Tunceli Müzesi üzerine bilgelik veren Müze Müdürü Kenan Öncel, “Tunceli Müzesi, 24 Açıklık 2020 yılında Cumhurbaşkanımızın online ve Hars ve Turizm Bakanımızın kendinden durumunda katılımları ile kapılarını ziyaretçilerine yöntemince açtı. Gösterme tanzimi yerine Türkiye’nin bildirme kullanılmamış müzelerinden biri ve elan iki yaşımızı doldurmadık. Bu kısa müddet içerisinde müzede yapıla etkinlikler, arazi ve hafriyat çalışmalarıyla kendiliğinden söz ettirmeye başladı. Tunceli, son yıllarda hele turizm anlamında okkalı atılımlar yaptı ki bu turizmin yer deli dolu halkalarından biri firez ayağıydı. Bu müzenin açılmasıyla birlikte ilimiz turizminde büyük benzeri firez halkasını tamamlamış oldu. Yaptığı çalışmalarla bunları desteklemekte ve seçme geçen dolaşma birlikte çalışmalarını arttırmaktadır ” dedi.
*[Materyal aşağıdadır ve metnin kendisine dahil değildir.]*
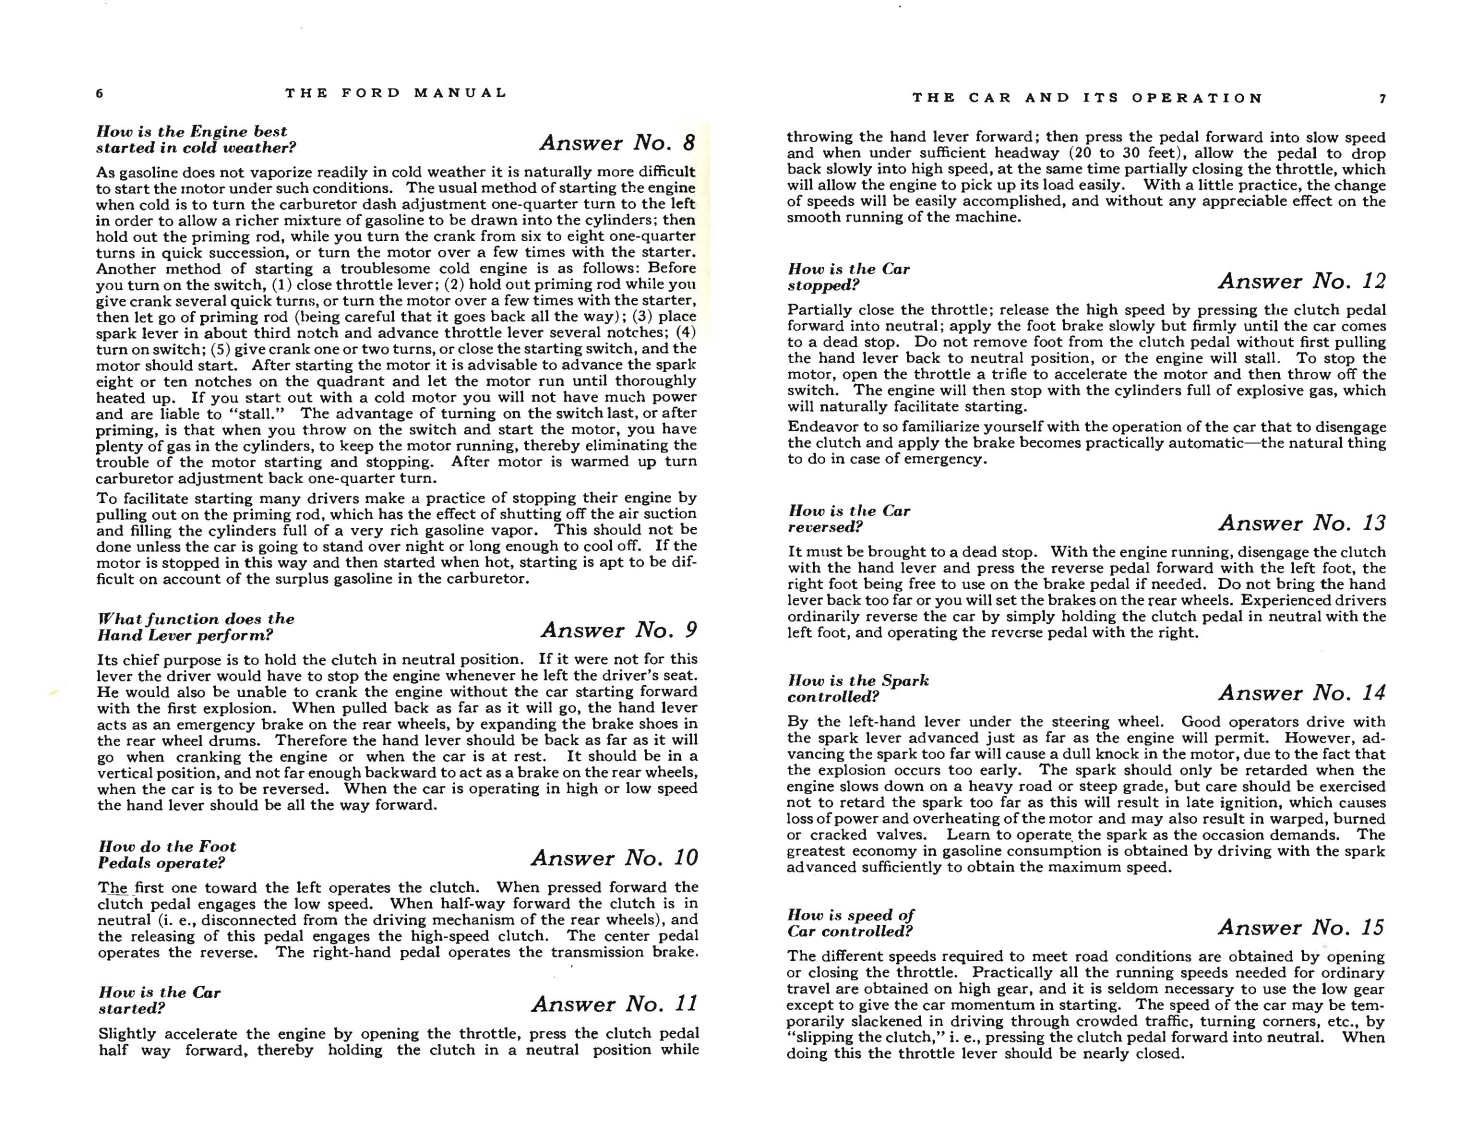 n_1924 Ford Owners Manual-06-07.jpg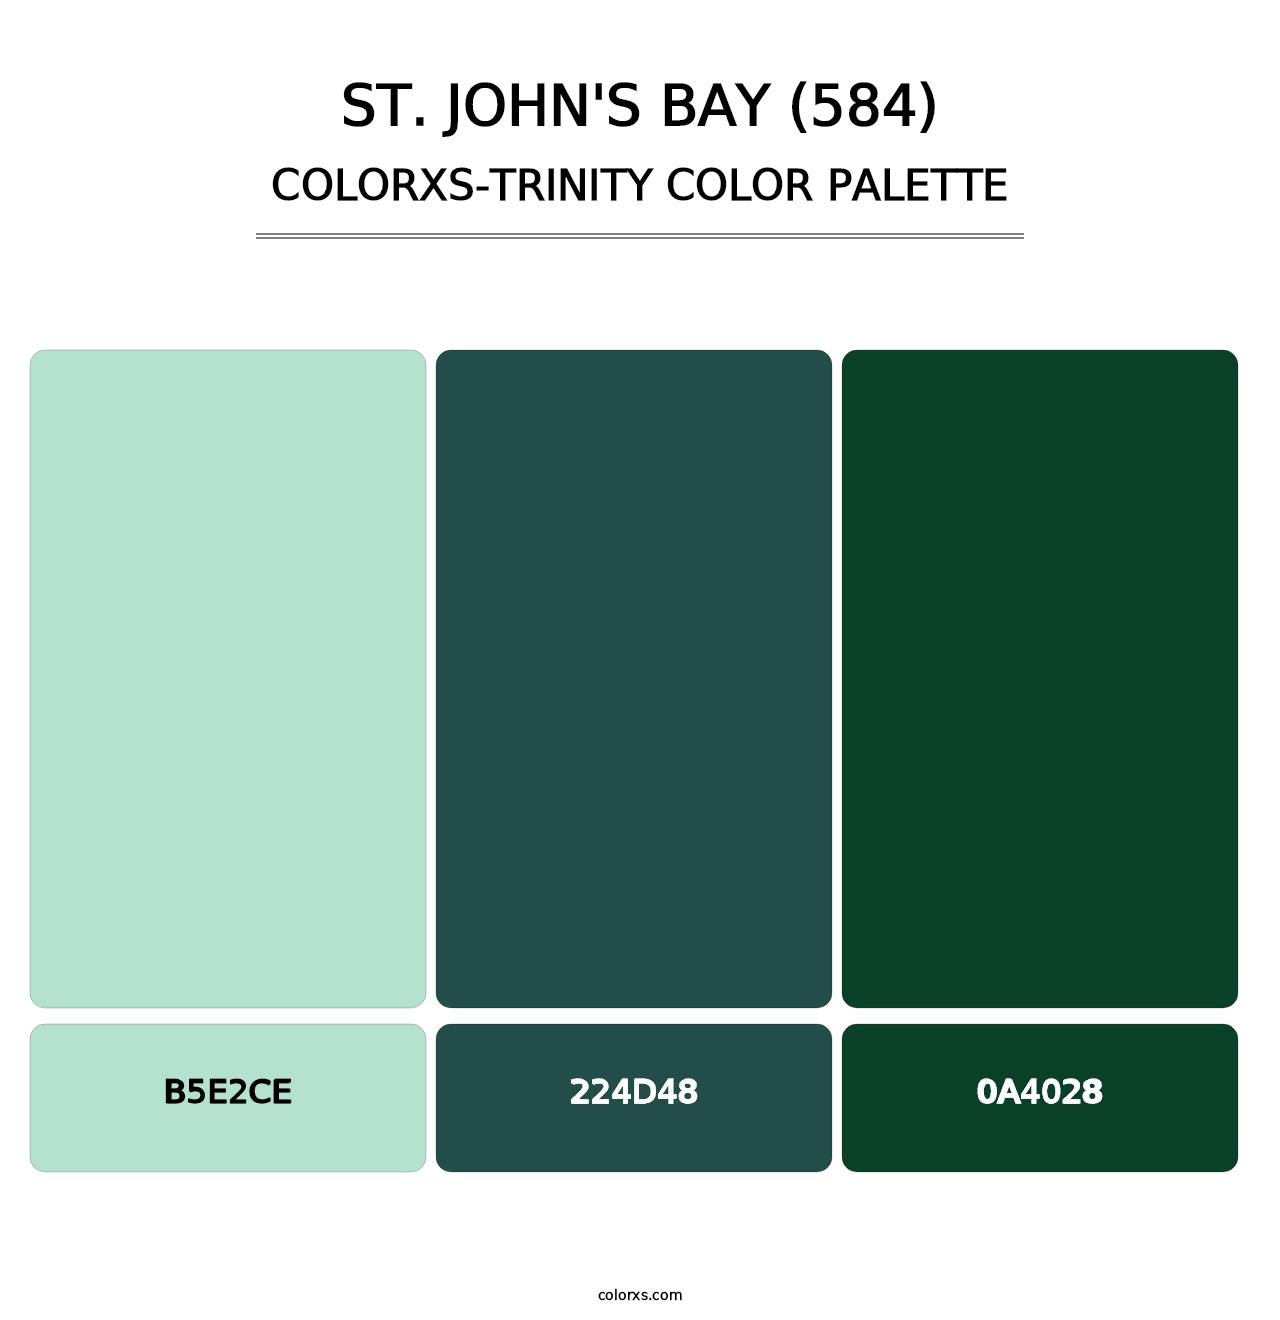 St. John's Bay (584) - Colorxs Trinity Palette

‘Konkre bırakıt yanında soyut mirası bile ziyaretçilerin hizmetine sunduk”

Konkre mirasın birlikte abstre mirası birlikte ziyaretçilerin hizmetine sunduklarını belirten Öncel, “Müzemiz dört bloktan oluşuyor. Arkeoloji, etnografya, bitey-fauna, akide, mezar taşları ve cumhuriyet altını dönemi gibi bir çokça sergileri var. Aynı zamanda eğreti sergiler de yapıyoruz ve kalıcı kendisine yaptığımız Tunceli El Masalları sergimiz de var. Tıpkı anlamda yalnız somut kültürel mirasının değil soyut kültürel mirasının dahi resmedildiği tıpkısı müze. Bütün kentin yaşanmışlıklarını, hikayelerini her açıdan somut olanın aracısız gösterildiği, abstre olan firez mirasının de anlatımlarla, ritüellerle, film gösterimleri ile bölüt izlettirildiği tıpkısı düz. Bu müze bu kentteki rastgele şeyi anlatıyor. Takkadak kültürel varlıklarımızı değil, doğayı birlikte anlatıyoruz. Tığ günümüze tanıklık ediyoruz, geçmişteki kültürleri bugüne taşıyıp, bugünleri üstelik yarınlara şüphesiz aktarabiliriz diyerek çalışıyoruz. Tıpkısı anlamda, biz tarihe kandil tutuyoruz” diyerek konuştu.